Step 9: Use Environment-Specific Config (5 min)

import os

# Read from environment with sensible defaults
MODEL = os.environ.get("LLM_MODEL", "claude-sonnet-4-6")
MAX_TOKENS = int(os.environ.get("LLM_MAX_TOKENS", "1024"))

response = client.messages.create(
    model=MODEL,
    max_tokens=MAX_TOKENS,
    ...
)

Different envs (dev/staging/prod) can use different settings.

Step 10: Verify You Can Iterate (3 min)

Modify the prompt; rerun. See different output.

prompts = [
    "What's 2+2?",
    "Explain why 2+2=4 to a 5-year-old.",
    "Write a haiku about 2+2.",
]

for p in prompts:
    response = client.messages.create(
        model="claude-sonnet-4-6",
        max_tokens=1024,
        messages=[{"role": "user", "content": p}]
    )
    print(f"Q: {p}")
    print(f"A: {response.content[0].text}\n")

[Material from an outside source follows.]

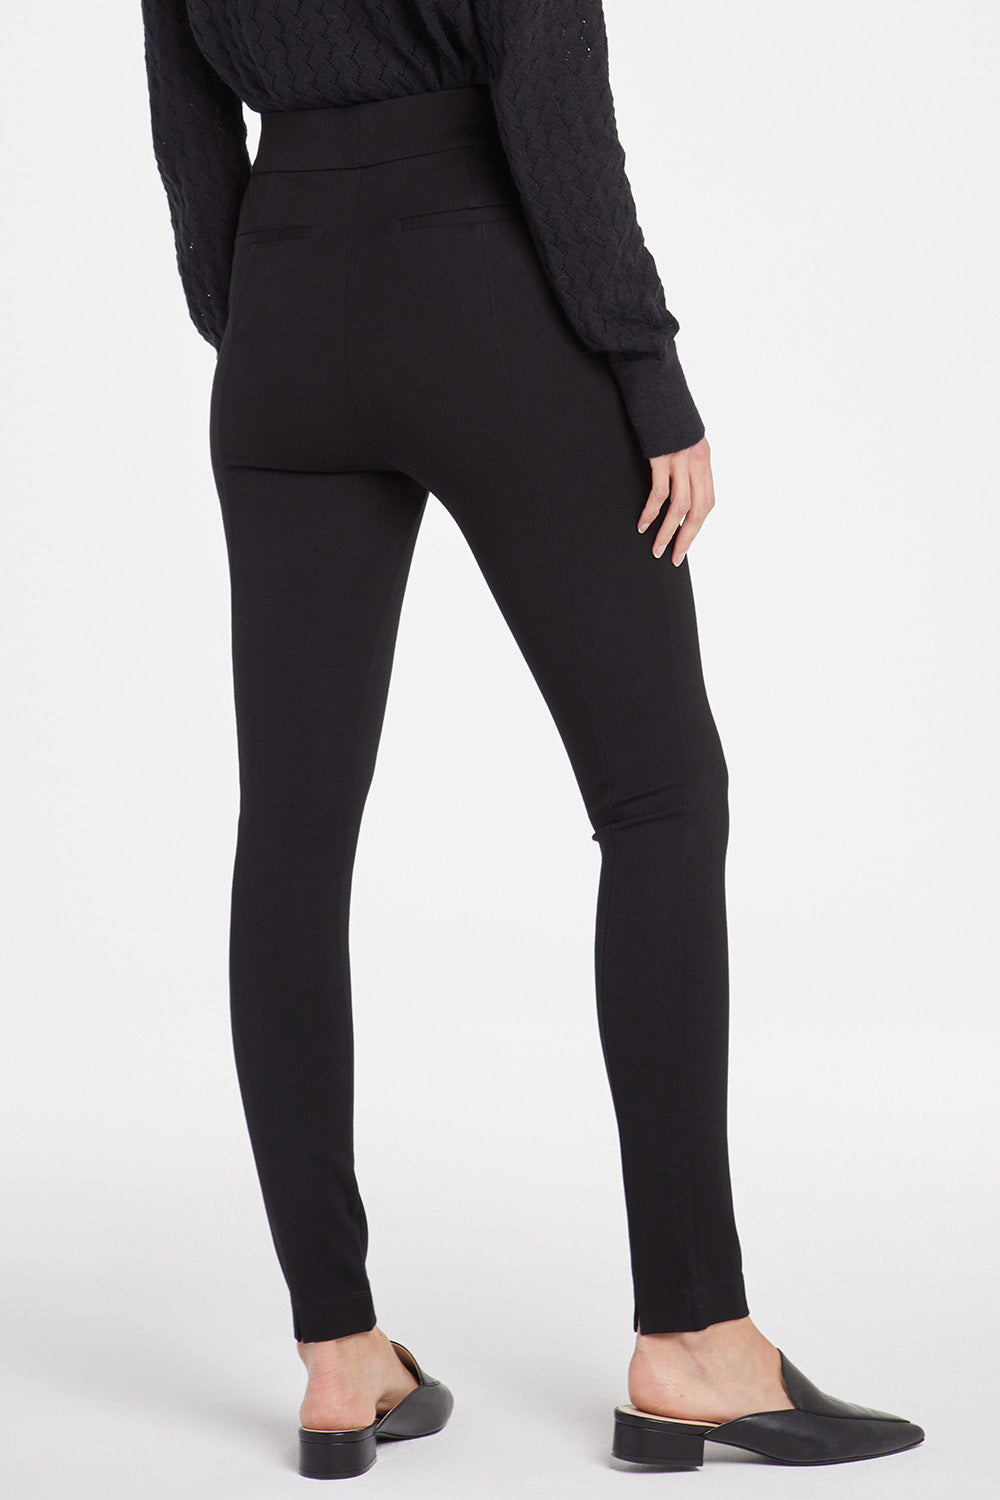 J Jill Ponte Leggings Black Pull On Pants Womens Size XL Ankle Length –  Priordei l'oli de catalunya

Iteration cycle is now: 5 seconds per call.

What You Just Did

You have a working LLM integration. From here, you can build anything.

Common Failure Modes

Hardcoded API key. Committed to git; key gets stolen. Use environment.

No error handling. API failure crashes your code.

Forgetting tokens. Default max_tokens is low for some models; outputs truncated.

No system prompt. Default behavior; can't steer.

Vendor lock-in. Code only works with one vendor. Abstract behind an interface for portability.